We have collectively agreed to a world where software service providers have no incentive to be reliable as they are shielded from the consequences of their mistakes and somehow we see it as acceptable that software have a ton of issues and defects. The side effect is that research on actually lowering the cost of safety has little return on investment. It doesn't have be so.
> Anyway if you want Cloudflare regulated to prevent this, name the specific regulations you want to see.
I want software provider to be liable for the damage they cause and minimum quality regulation on par with an actual engineering discipline.
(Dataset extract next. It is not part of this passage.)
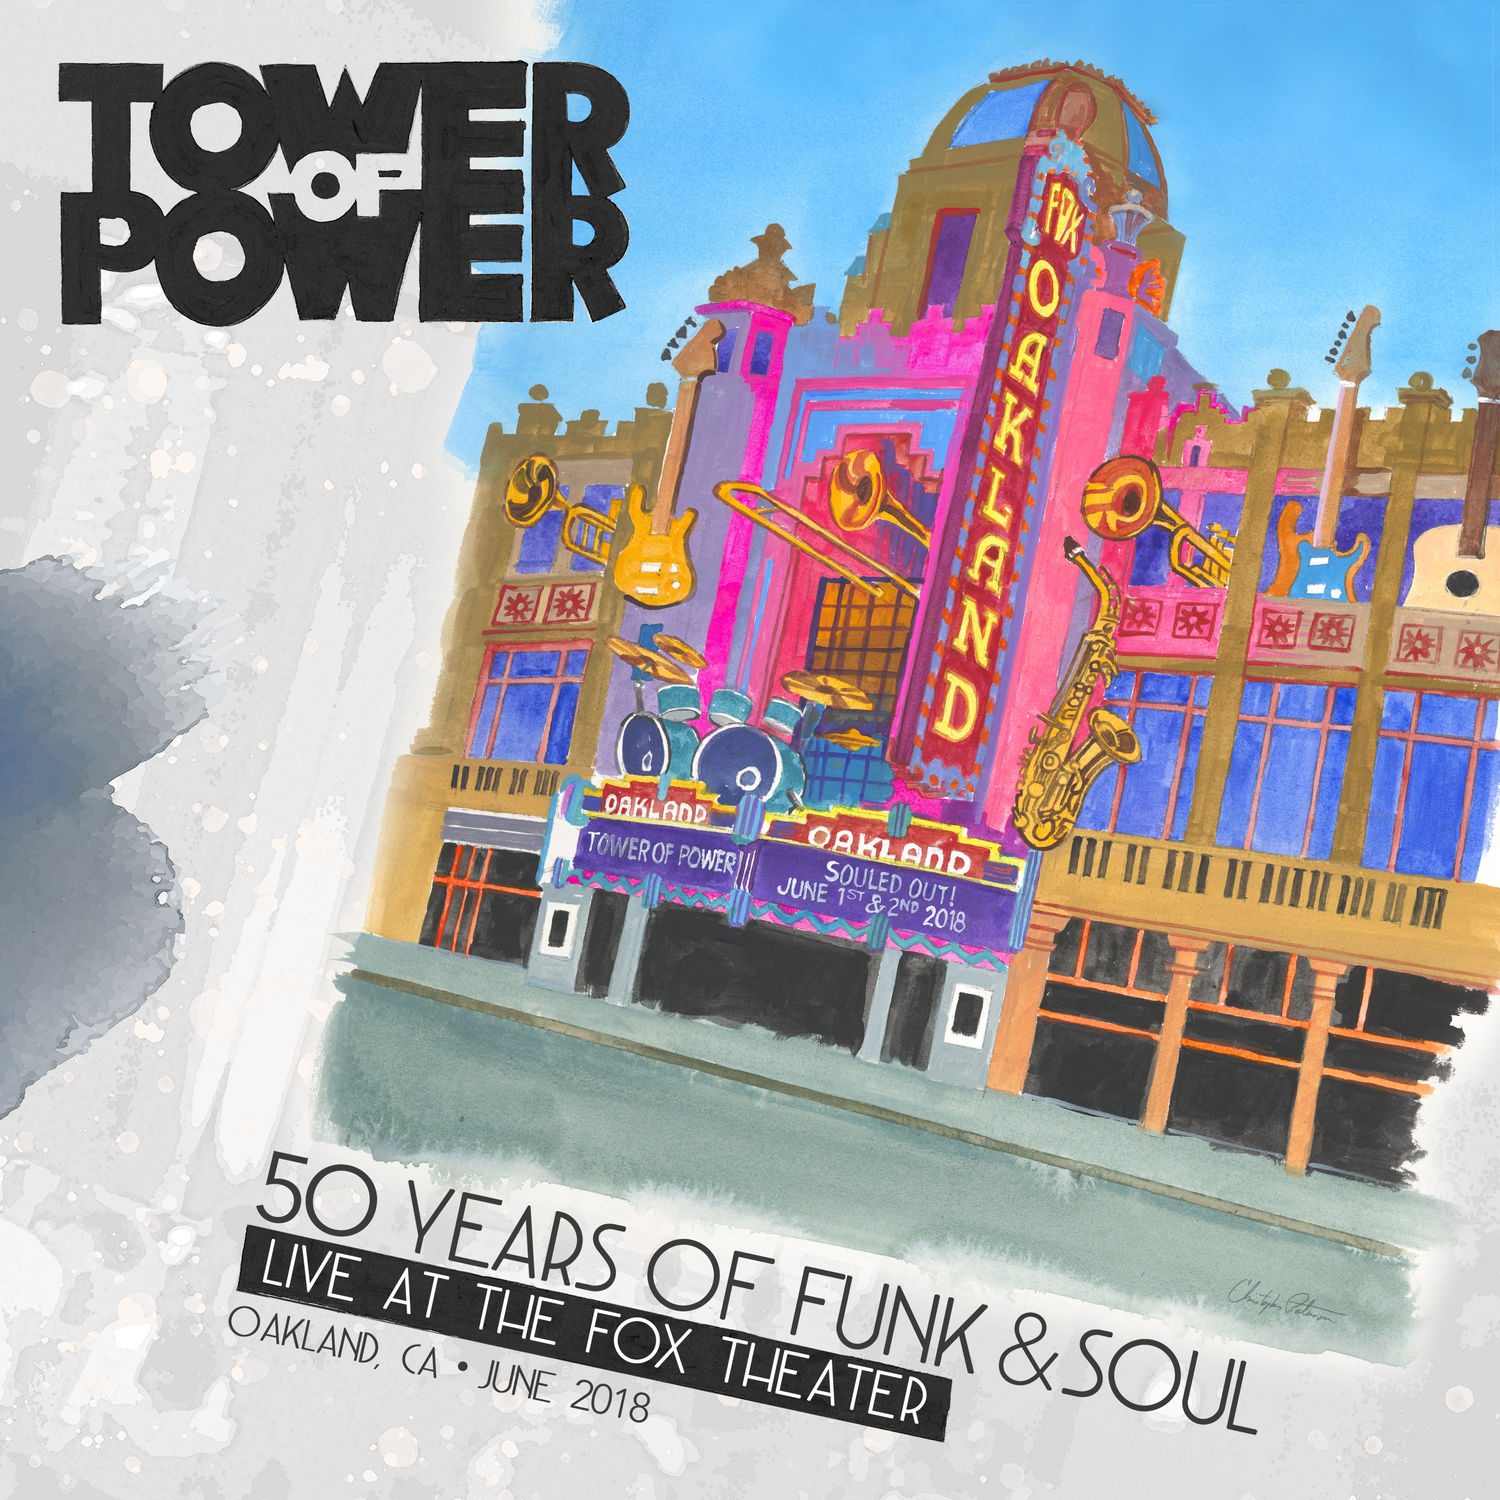 Tower Of Power – 50 Years of Funk & Soul Live at the Fox Theater-Oakland, CA – June 2018 (2021) [FLAC 24bit/96kHz]

I have always been astounded that nearly all software licences start with extremely broad limitation of liability provisions and people somehow feel fine with it. Try to extend that to any other product you regularly use in your life and see how that makes you fell.
How to do proper testing, formal methods and resilient design have been known for decades. I would personnaly be more than okay with let's move less fast and stop breaking things.
So do you want to make it illegal to punish GNU GPL licensed software because that license has a warranty disclaimer? Do you want to make it illegal for a company like Cloudflare to use open source licensed software with similar warranty disclaimers, or for the SLA agreements and penalties for violating them that they make with their own paying customers to be legally unenforceable? What if I just have a personal website and I break the javascript on it because I was careless, how should that be legally treated?
I'm not against research into more reliable software or using better engineering techniques that result in more reliable software. What I'm concerned about is the regulatory regime - in other words, what software it is or is not legal to write or sell for money - and how to properly incentivize software service providers to use techniques that result in more reliable software without causing a bunch of bad second order effects.
That we’re even having this discussion is a major step forward. That we’re still having this discussion is a depressing testament to how slow slowly the mainstream has adopted better ideas.
But yes, I wish I had learned more, and somehow stumbled upon all the good stuff, or be taught at university about at least what Rust achieves today.
I think it has to be noted Rust still allows performance with the safety it provides. So that's something maybe.
Zig is undergoing this meltdown. Shame it's not memory safe. You can only get so far in developing programming wisdom before Eternal September kicks in and we're back to re-learning all the lessons of history as punishment for the youthful hubris that plagues this profession.